The announcements came during Juncker's annual State of the Union address to the European Parliament. It comes at a critical juncture for the EU, amid a rise in populist and nationalist forces who have seized on the migration issue to show where Europe is falling short.
"The European Commission is today proposing to strengthen the European Border and Coast Guard to better protect our external borders with an additional 10,000 European border guards by 2020," Juncker said in his speech to the European Parliament, as reported by Agence France-Presse (AFP).
The goal, if achieved, would be a significant boost from the current pan-EU force of 1,300 staff to help individual member states patrol their borders. The commission is also proposing the border force have greater powers to deport people classified as economic migrants who are fleeing poverty and seeking jobs.
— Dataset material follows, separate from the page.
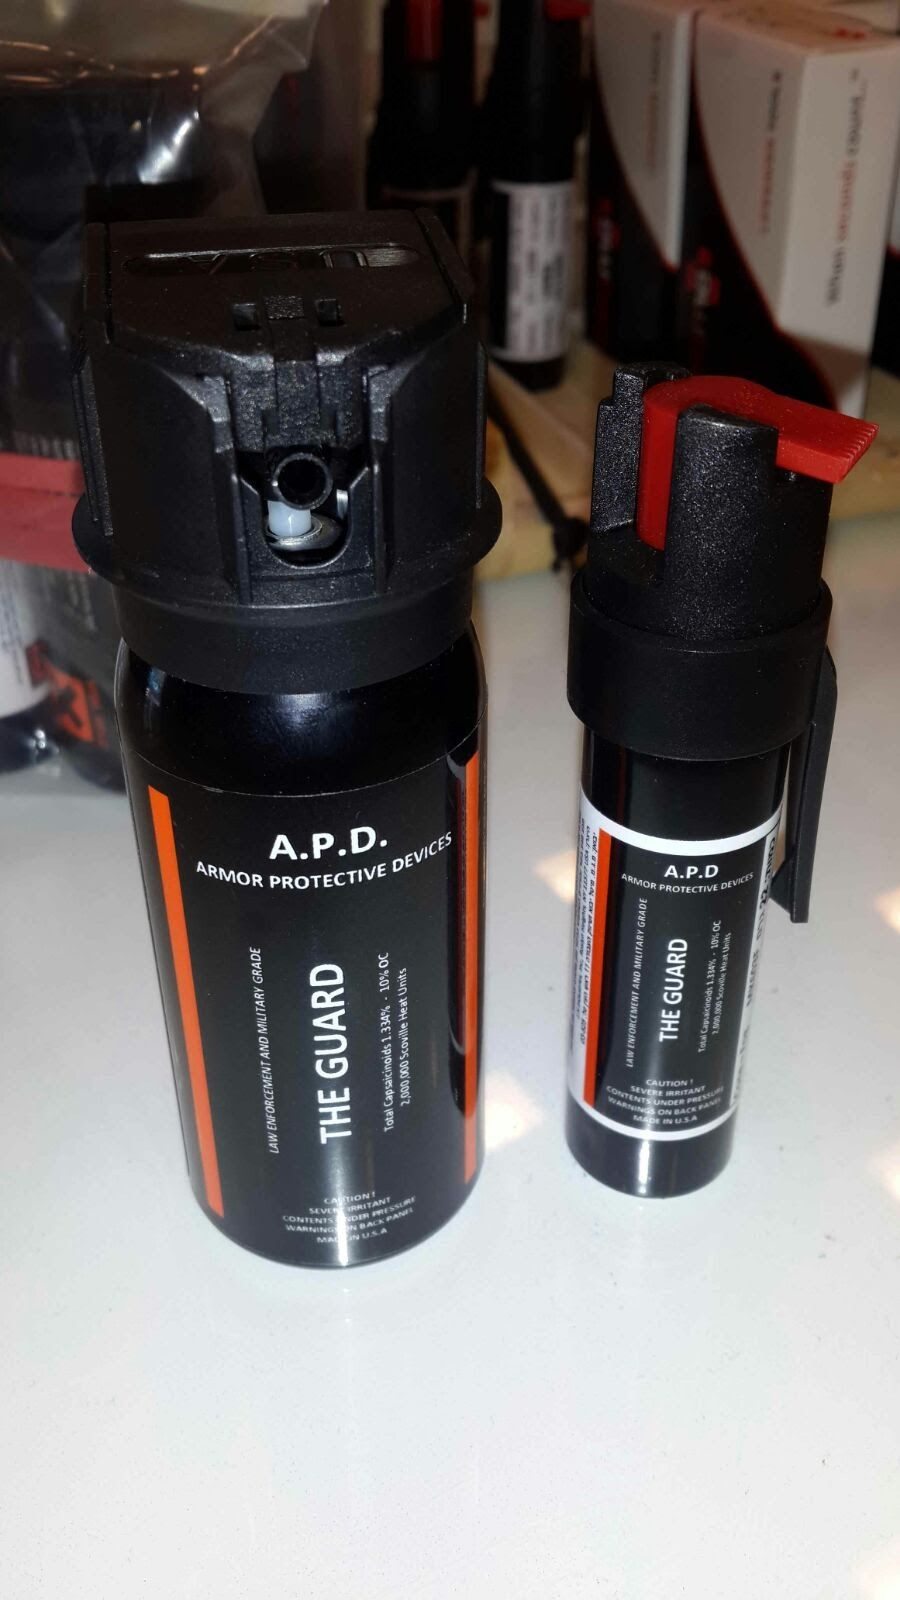 APD - תרסיס פלפל אישי קטן להגנה עצמית איי.פי.די - Armor protective devices Pepper Spray

The State of the Union address laid out the commission's political priorities for the year ahead, and comes ahead of EU elections in May 2019, in which populists and nationalists could make strong gains. The proposals require the approval of EU member states and lawmakers before they can take effect.
The proposals came a week before EU leaders hold informal talks in Salzburg, where migration will be high on the agenda. German Chancellor Angela Merkel described migration as the biggest challenge the EU is facing, calling it a "significantly larger" threat to the bloc's unity than the eurozone financial crisis had been.
As the EU has yet to find common ground or policy for saving the lives of migrants at sea, a human rights group accused EU member states for an increase in the Mediterranean migrant death toll.
The journey by land through the Sahara and then across the Mediterranean remains the world's deadliest migration route, and as polarizing as ever in European politics. Italy's Interior Minister Matteo Salvini, who is also the head of the far-right League party and a prominent member of the new Italian government, is leading a high-profile campaign to exclude humanitarian rescue ships from Italian ports. He also argues that European countries should find a way to block the migrants before they leave Africa or send boats with asylum seekers back to the ports where they came from, including to Libya's harbors. Besides Italy, governments in Austria and central Europe argue that the EU can only bring migration under control by closing its borders to new arrivals, while opposing efforts to redistribute asylum seekers within the bloc.
The number of migrants reaching the EU has in fact dropped sharply since the height of the crisis in 2015 when more than a million arrived from the Middle East and Africa, mostly by sea from Turkey to Greece and then overland across the Balkans. That route was largely shut by a 2016 agreement between the EU and Turkey. The other main route, the frequently deadly crossing from North Africa to Italy, remains open, but numbers have declined substantially in the past year as Libyan armed factions have cut down on people smuggling. Still the issue remains sharply divisive across Europe.